Personal Interests
An ardent consumer of international cuisines and international film productions;
of European and Japanese fiction; of Western architecture and its history, of
jazz, jazz history and French chanson.
The less adventurous forms of international travel and relaxation (apéritifs
in famous cafes; no mountain climbing or white water rafting, please).
World political, social and religious history; recent and current international
political conflict.
The structure, grammar, history and lexicons of Romance and Germanic languages.
Road maps, especially old ones!
The History of the American Indians in the United States. On this
topic I have given the following talk on my Indian Reservation childhood:
"A White Boy on the Rosebud", Himeji University, Himeji, Japan, December, 2003.
Personal History
Indian Reservations in the Dakotas and Wyoming, 1940s.
Middleton, Wisconsin, 1950-1962.
Lawrence, Kansas, 1962-1964.
Annapolis, Maryland, 1964-1965.
Cambridge, Massachusetts, 1965-1968, 1984 (spring).
Champaign, Illinois, 1968-1969.
Paris, France, 1969-1970; 1972 (autumn); 1977; 1989 (spring and summer).
Los Angeles, California, 1970-1979.
London, England, 1979 (second half); 2000-
.
Princeton, New Jersey, 1973-1974.
Seattle, Washington, 1980-1991.
Berkeley, California, 1982 (winter).
San Francisco, California, 1985-1986.
Aix-en-Provence, France, 1987 (spring and summer).
Tilburg, Netherlands, 1992 (winter, spring, summer).
Durham, England, 1992-1999.
Makuhari, Japan, 1994-1996 (springs).
Wassenaar, Netherlands, 1997 (spring).
Nishinomiya, Japan, 2000-2007.
Vienna, Austria, 2007 (autumn).
Bilbao and Vitoria, Basque Country 2008.
AUTHOR'S SHORT ACADEMIC BIOGRAPHY
My father Joseph was a highway engineer for the Bureau of Indian Affairs in the American West, and my mother Margaret (Embley) was a primary school teacher. I attended high school in Milwaukee, Wisconsin, received a BA in mathematics from Loras College, Dubuque, Iowa and an MA in mathematics at the University of Kansas, Lawrence, Kansas.
After a year of teaching at the U.S. Naval Academy, I studied for the PhD in linguistics at the Massachusetts Institute of Technology (awarded 1970), with Noam Chomsky as my highly encouraging supervisor, who proposed me for a final fellowship year at the newly inaugurated University of Illinois Center for Advanced Study.
At the kind invitation of Nicolas Ruwet, my intermittent European career began at the Université de Paris VIII (Vincennes) in 1969-1970, after which my first permanent position started at the University of California at Los Angeles (1970-1979). My son Peter was born in Hollywood in 1973. While still a novice at the joys of fatherhood, I lectured at Princeton University (1973-1974), invited by William Moulton, and at the Université de Paris VII (1976-1977), invited by Jean-Claude Milner. A Guggenheim Fellowship permitted extending this stay in Paris. I also gave a summer school course at the International Christian University in Japan, invited by Kazuko Inoue. The decade closed with a self-granted half-year respite from academia in London.
A second permanent position, including five years as chair, was at the University of Washington (1980-1991). Research and teaching leaves were spent at the Massachusetts Institute of Technology (1984), the Stanford Center for Advanced Study in the Behavioral Sciences (1985-1986), the Université de Provence (1987) and the Université de Paris VIII (1989). These latter two stays were arranged by José Deulofeu and Alain Rouveret. I was also co-director of the Dubrovnik summer school with Rastko Mocnik (1987) and made frequent academic visits to the Netherlands. The last four Seattle years coincided with experiencing high school a second and more exciting time.
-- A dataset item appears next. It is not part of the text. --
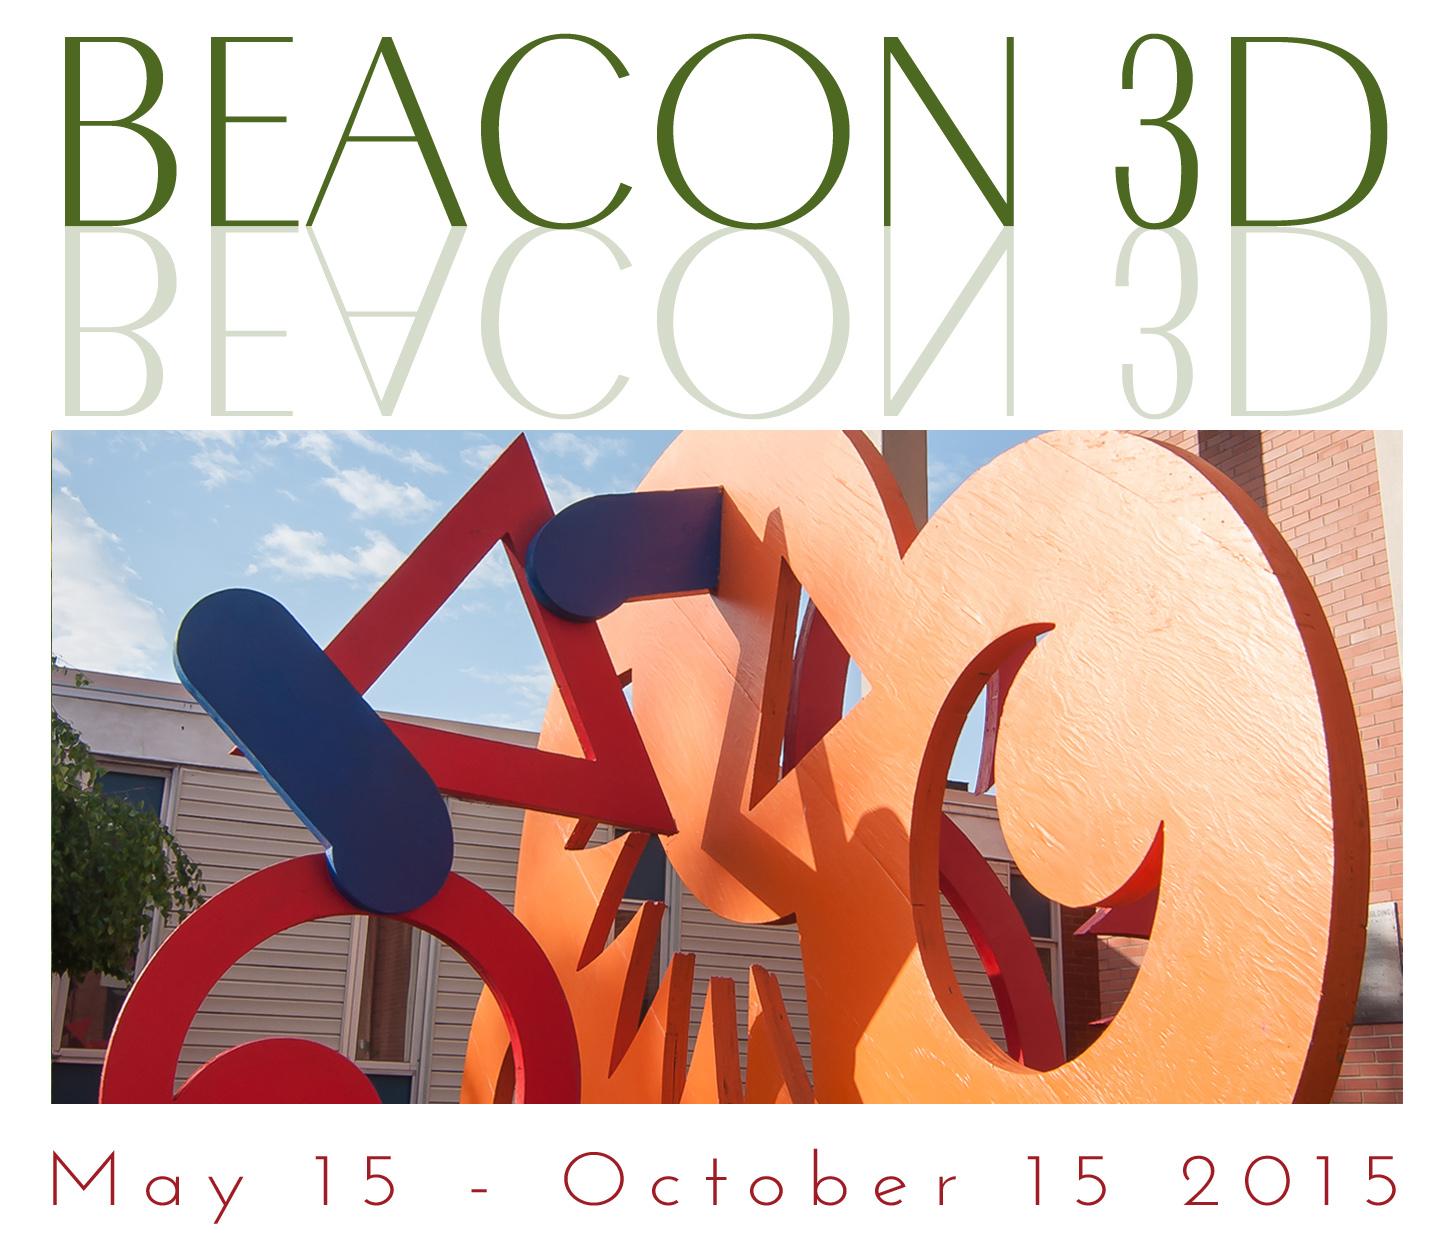 beacon3d-2015
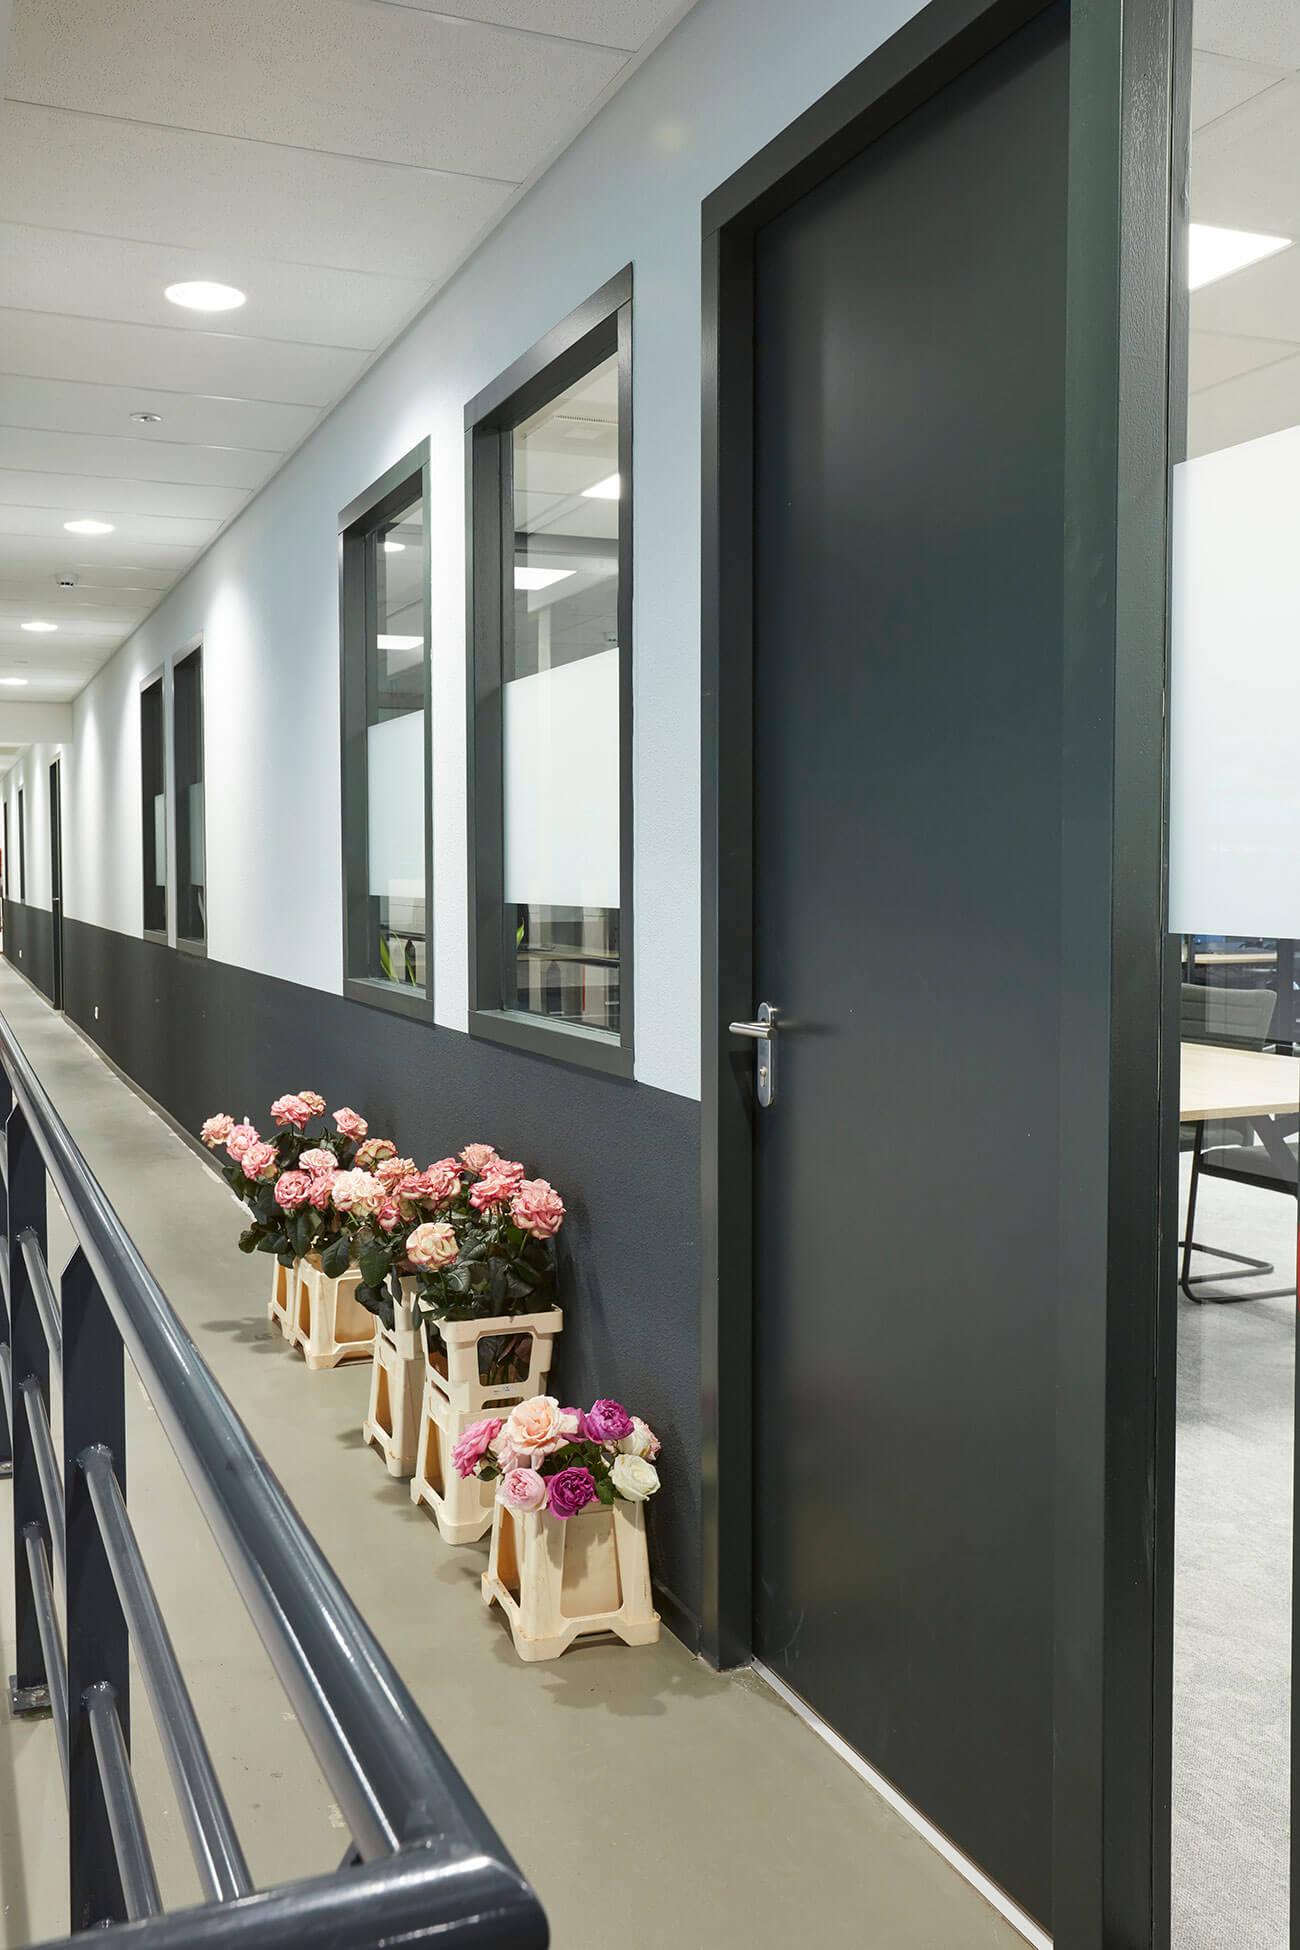 Kantoor verbouwing Aalsmeer in Aalsmeer

Expatriation began in earnest with a teaching fellowship organized by Henk van Riemsdijk at Tilburg University (1992), followed by taking up the Chair of Linguistics and English Language at the University of Durham in 1992. During this period, I was active in van Riemsdijk's European Science Foundation Eurotyp Group 8 and visiting professor at Kanda University of International Studies from 1994 through 1996, again invited by Kazuko Inoue. After fellowships at the Netherlands Institute for Advanced Science in 1997 and at Nagoya's Nanzan University in 1998 (sponsored by the Japanese Society for the Promotion of Science with Mamoru Saito as host), I accepted in 2000 a professorship at Shoin Kobe University's new graduate school, organized by Takao Gunji and Taisuke Nishigauchi.
Since then I have accepted Visiting Professorships for one semester at the University of Vienna and for the calendar year 2008 at the University of the Basque Country.